Kathryn Reed
Kathryn Reed

Twenty Four Swans

Here’s how the story goes: there was a guy and he wanted swans by the Charles so he asked the ...
By Kathryn C. Reed

Here’s how the story goes: there was a guy and he wanted swans by the Charles so he asked the city and they let him put them there, right by the BU bridge. They were fed and visited regularly until construction started happening, but they didn’t have anywhere else to live. Most people didn’t know they were there, near the train tracks and men in hardhats working 9-5 days. The city tried to move them once, but somehow they always wound up back at the same place. That might not be how the story actually goes. That’s how it was told to me, anyways.

I can’t remember the name of the guy who told it to me, though I know he was a math type or a science type, a senior at BU. We met one day on a run during freshman year. It was still that gentle part of fall, a month before the cold grabs your breath as you inhale, pushing you back inside.

I used to wave to the runners I passed on the Charles, going the other way. It was the product of a small town—nod to everyone, even if you don’t recognize their face. Some gave confused glances, most were lost in the rhythms of their own pace. I stopped waving after mile three, on my first day.

By late September, I had become used to this kind of running: eyes straight, thoughts in another place. I didn’t pay much attention to the people around me, all of us trying to give in to the motions, lost completely, even though we knew the way.

But the math/science guy and I kept passing one another and, after three bridges, a joke had to be made. We talked for eight miles, though neither of us had planned to run for more than three. His bike was in the Square. We waved goodbye at the T.

We’d meet every Wednesday, at Harvard or BU. He was from the city, told me about the swans by the bridge and other places we passed through.

I ran with those stories after that semester, adding others over time. With my own, they make meaning of place. I think about them as I run along the Charles, time marked by bridges along the way.

I avoid Commonwealth Avenue completely, especially when it’s lit. Racing between Smoots to cross the river at MIT, I look for the apartments that were a church before being renovated. My Uncle lived in Central once, at the YMCA, where I pass but don’t go in. He and my dad bought beers at the “packie” on the corner; they walked, though the T was cheaper then. It was two years before I went back to the combination sushi-cellphone store in Chinatown, but I’m glad that we did. All of these places have mostly stayed the same, despite the changing perspective.

They’re not all stories I would choose to remember, though they provide the unconscious narrative to my walks and runs. I carry them with me into the city, and I can’t leave them behind on my return. I’ve gotten used to their company, though this has taken some time to learn.

I kick myself when I go running, scuff a heel on shin. I’m usually sore two days after, no matter the shape I’m in. But I know there is strength in stiff legs, my muscles getting torn down to be built again. Even the shortest runs can leave me aching; the longest are over too soon. I’ve run the same routes for eight semesters—with each, thought, muscle, and perspective are added. There is both newness and familiarity, each time I run through.

I guess that’s how stories and running work. At times uncomfortable, they can hurt like hell. But the route makes changes of its own, giving a kind of strength, and taking some as well. It leaves its marks, sure, but makes the next pain a little easier than the last.

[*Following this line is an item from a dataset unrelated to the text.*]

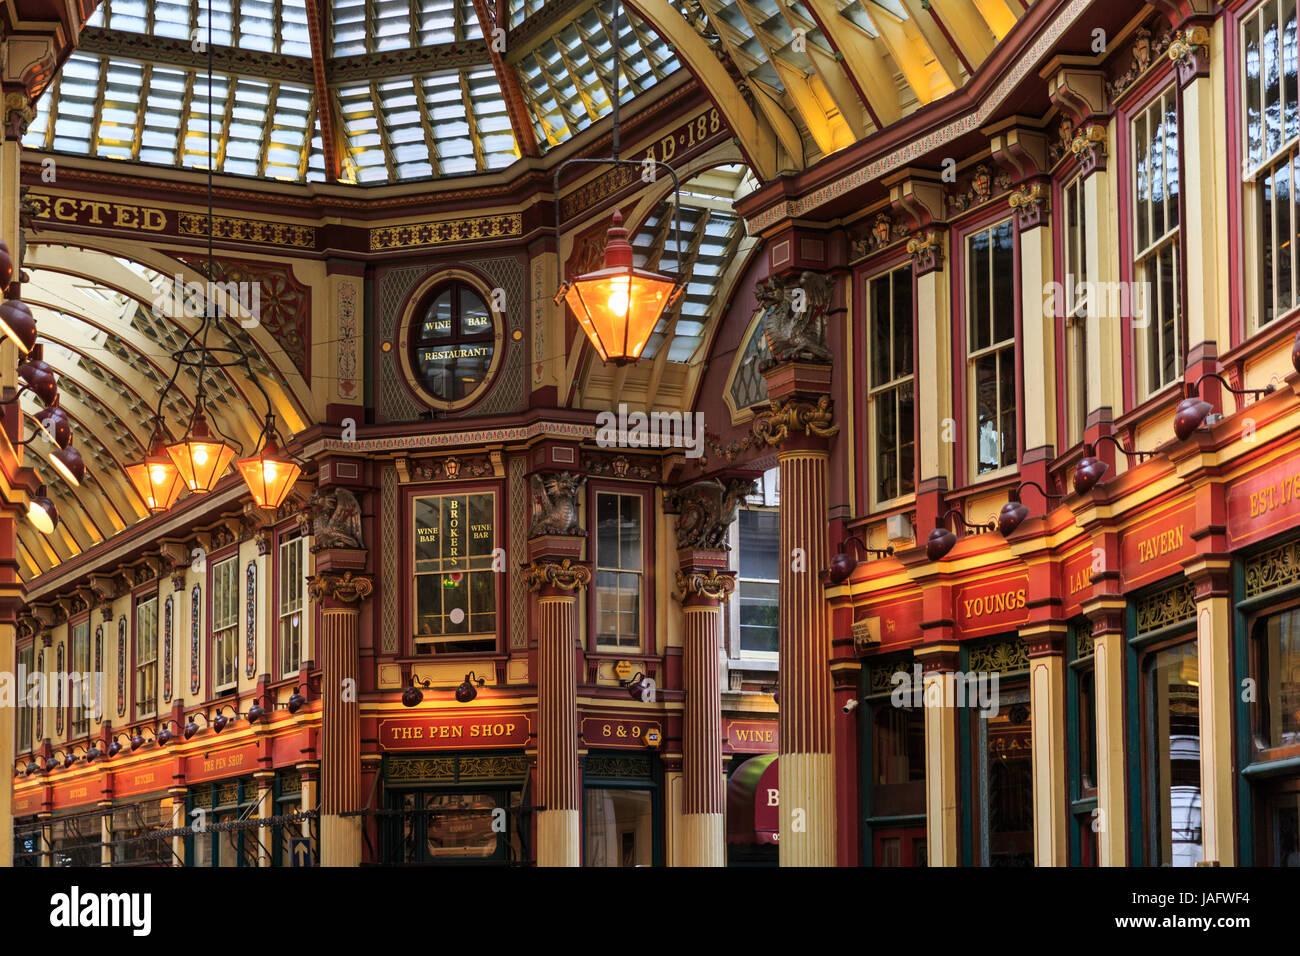 Die historischen Leadenhall Markt, innen Arkaden, City of London, London, UK Stockbild

I hadn’t been running by the river this spring—at least, not in the same direction as before. It had seemed time for new paths and stories, after three years of the same old turns. Still, I found myself along the Charles one day, returning to Harvard as I had many times before. Passing by BU, I tried to count the swans. They were dirty, among the construction. I counted 24.

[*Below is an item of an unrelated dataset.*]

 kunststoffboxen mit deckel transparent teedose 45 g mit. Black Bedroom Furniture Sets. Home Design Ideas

I can’t remember the name of the boy. He couldn’t remember all of the facts. The story’s details matter less anyway. For me, they are only context. But it’s funny what we remember, what doesn’t come to mind so well, what we share, and what we keep to ourselves.

These stories are impermanent. We fit them into an inconstant landscape, while they themselves are bound to change. Legs become stronger and we forget where our scars were made. But the runs and the stories are what ground us, even when they remove us—temporarily—from a place. Blisters, callouses, narratives are what others see; what matters to us is our experience along the way.

Kathryn C. Reed ’13, a former Magazine chair, is a Sociology Concentrator in Adams House. She has only seen Schoolhouse Rock’s “Conjunction Junction” once; didn’t get the point.